At the young age of ten, Justice Beverley began capturing his travels on film while touring the national parks with his family. Captivated by the Grand Canyon’s sculpted peaks and valleys, he couldn’t wait to see what more the world had to offer.
“My brother and sister talked about how we wanted to go to Ireland, China and Japan together—and that’s when our dad told us that we needed to the see the country before seeing the world,” Beverley says.
While living the RV life, he and his father created hundreds of videos of their epic cross-country tour. And though he spent much of his time behind a viewfinder, he takes great joy in documenting and sharing his travels with others.
“It’s a selfless venture to record and share your experiences,” Beverley says. “While filming, you’re missing out on something for a bit, but you’re capturing something—in my case, an adventure of a lifetime—for others to see. I see that as important.”
Eager to get started in filmmaking, Beverley came to UT Austin to attend the Moody College of Communication. Early into his first semester, his excitement ebbed into frustration when he yearned to be out in the field.
“The question of staying in school was on my mind a lot that year,” says Beverley. “I remember calling my dad and telling him I wanted to get started on my film career rather than sit in classes all day.”
Just when he was ready to pack up his camera bags, Beverley learned about an opportunity of a lifetime.
“I found out about the Cape Town program while taking Dr. Moore’s Race in the Age of Trump class,” says Beverley, a radio-television-film senior. “I signed up for it at the very last minute—and I’m so glad I did because it kept me at UT so I could travel to Beijing the next semester.”
With his camera in tow, Beverley documented every moment of the trip—from hiking up Lion’s Head Mountain to ziplining between mountains to rationing water at the hostel amid the 2018 water crisis.
Of all his adventures, he will never forget his internship at Philisa Abafazi Bethu, a women’s empowerment program located in Lavender Hill, a struggling, low-income neighborhood just outside of Cape Town.
“It really was the most impactful internship—and I believe I was placed there for a reason,” Beverley recalls. “Sometimes I think back to it and feel inspired about this corner of the world that is working so hard to help people.”
Looking back at his time working with the women and children of Cape Flats, Beverley is most grateful for the life lessons he gained along the way.
“I give a lot of praise to the people in the DDCE who have this magic formula for matching students with internships that play to their strengths and interests,” he adds. “Everybody I talked to said they felt that the trip was made just for them.”

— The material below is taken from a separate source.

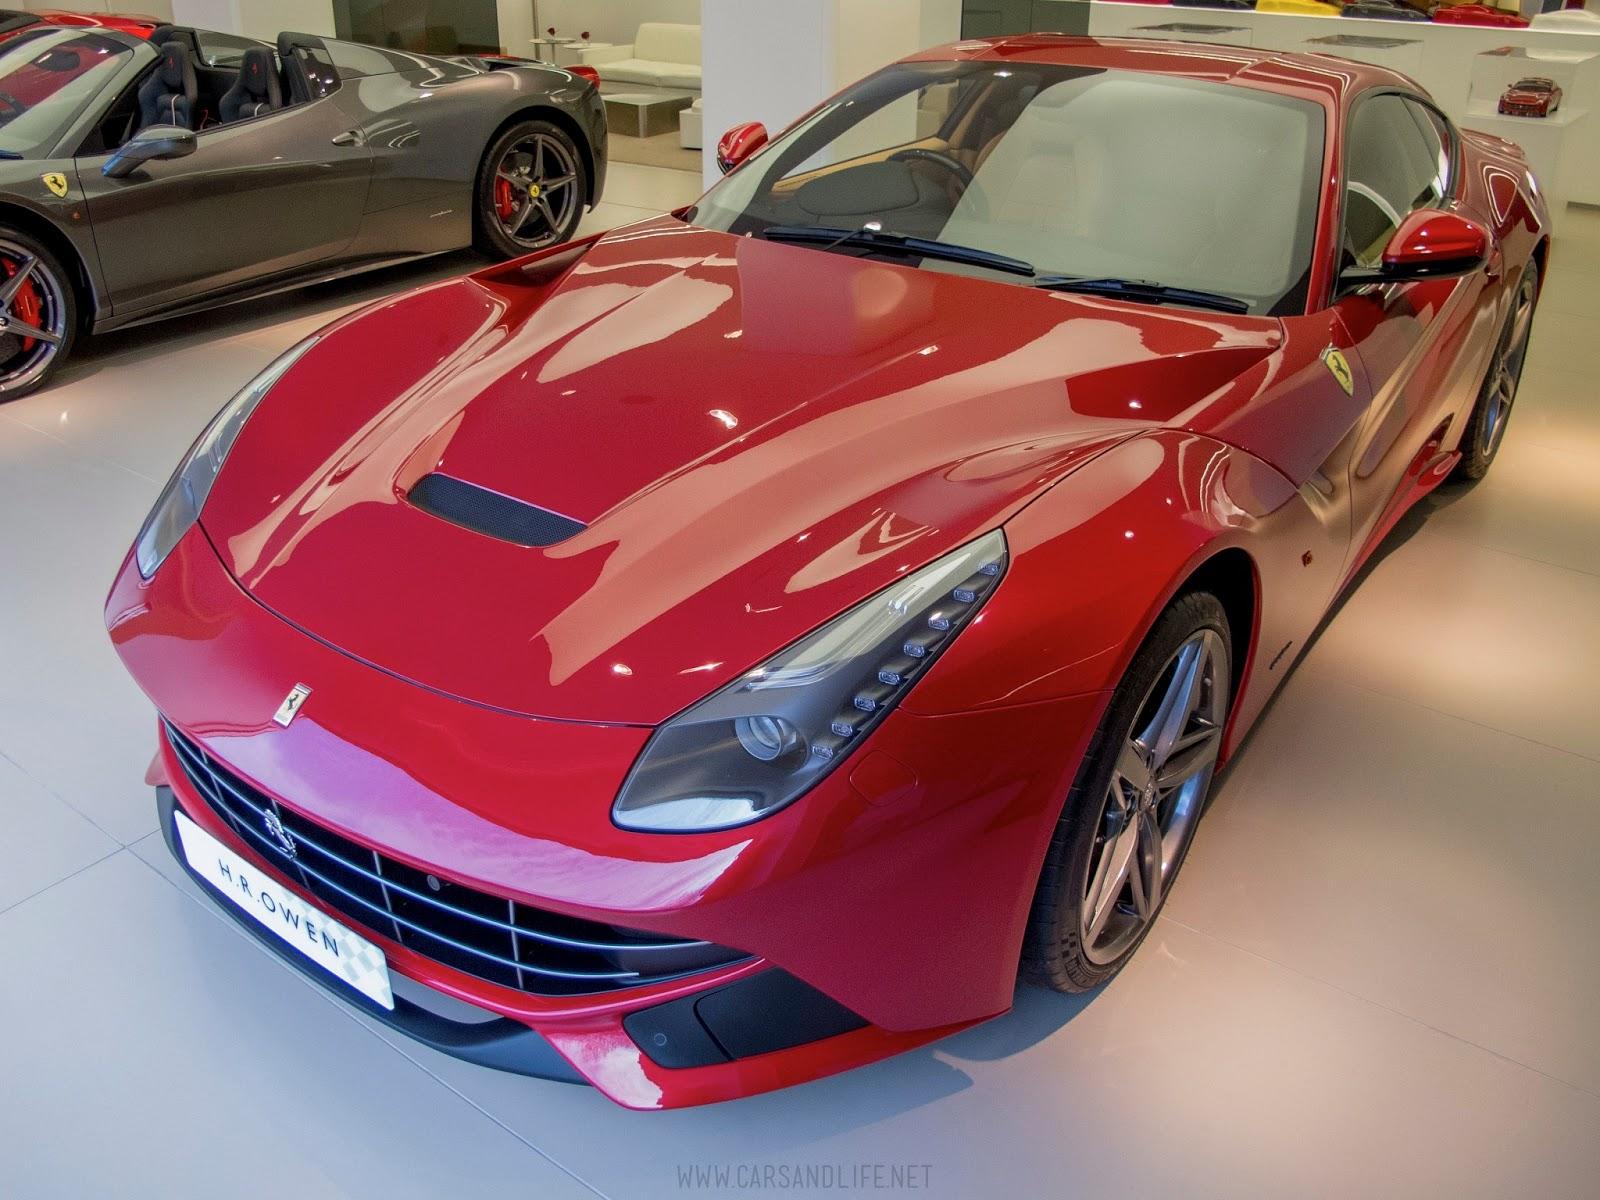 Ferrari F12 berlinetta in London  PinItForwardUK
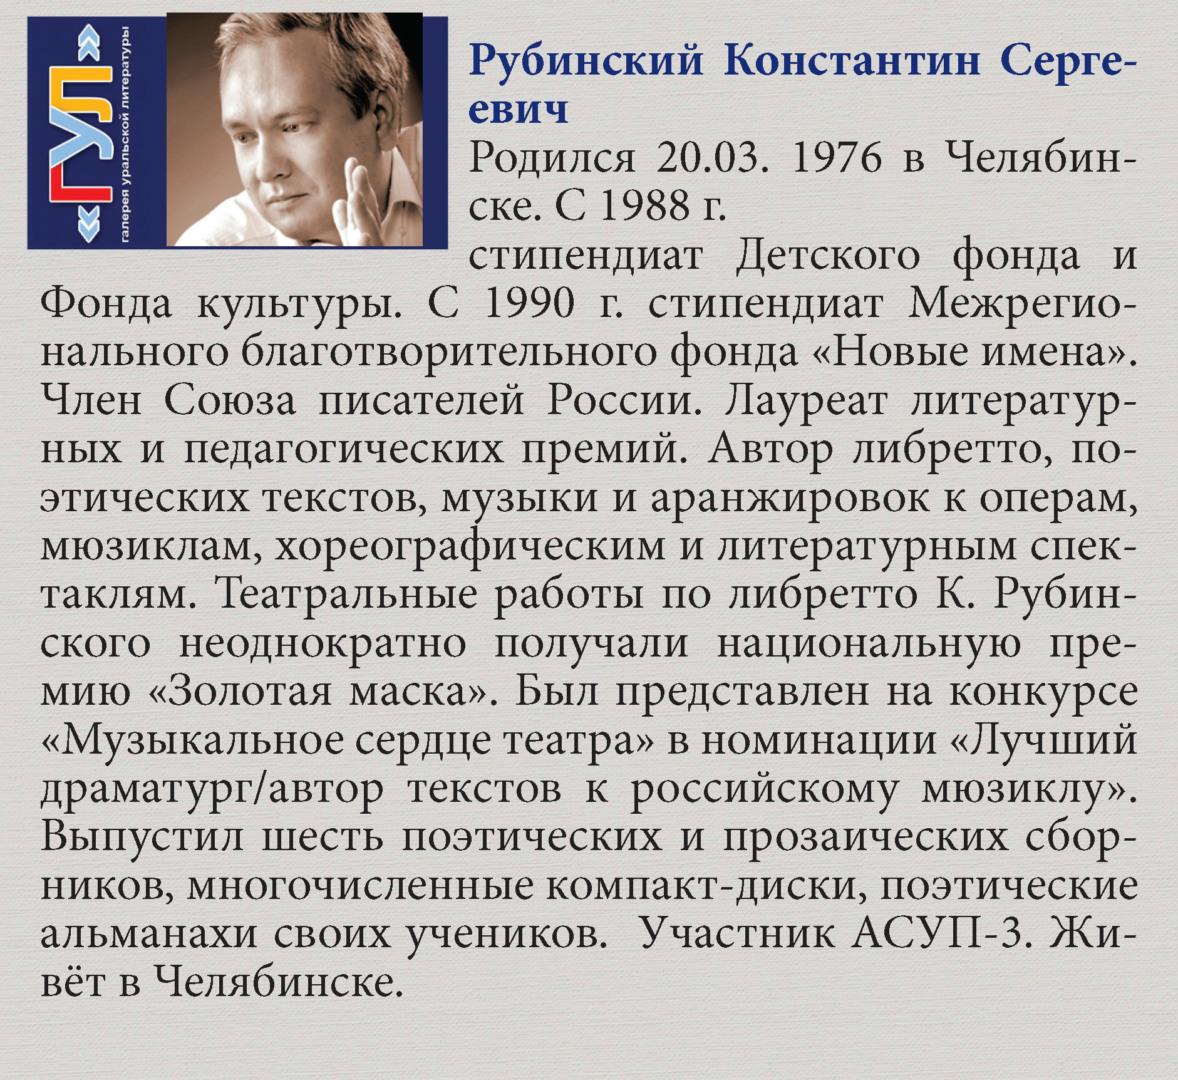 Рубинский Константин

After arriving back in the states, Beverley turned a mountain of footage into series of short videos. His long nights on the cutting room floor paid off when Devin Walker, director of the Global Leadership and Social Impact program, accepted his offer to become the official videographer for the upcoming trip to Beijing, China—a destination that has been at the top of his bucket list for years.
When summer 2019 rolled around, Beverley couldn’t wait to embark on his next big project, in which he could help reshape the narrative about a country that is often generalized and misunderstood.
“As a filmmaker, I don’t want to subjectify or force my opinion in places or areas,” Beverley says. “I don’t want to say how it is in China; I want China to tell us what it is. I’m just a mediator for this story.”
With a strong emphasis on storytelling, Beverley lets his personal interactions drive the script. Taking a page from his father’s playbook, he makes an effort to chat with everyone he encounters along the way—from street vendors to tour guides to strangers on the subway.
“I learned by watching my dad talking to people on a constant basis,” Beverley adds. “While we were traveling to national parks, he’d meet with the superintendent and talk for hours. “He always had something to say and a beautiful way of saying it.”
The people—the connections you make along the journey—are what make the trip worthwhile, Beverley notes. With this in mind, he asked his fellow travelers’ to include their voices in his China recap video so they, too, could tell the story.
“I was so close to everyone on that trip, so I really needed their input,” Beverley says. “Having each voice heard—literally and figuratively—was so important.”
Of all the life-changing moments abroad, Beverley is most grateful for the time he spent with students and staff.
“I really like to emphasize the camaraderie on these adventures—with the staff and students,” Beverley adds. “I’m still active in both the Cape Town and China group chat and can say that I love those individuals deeply.”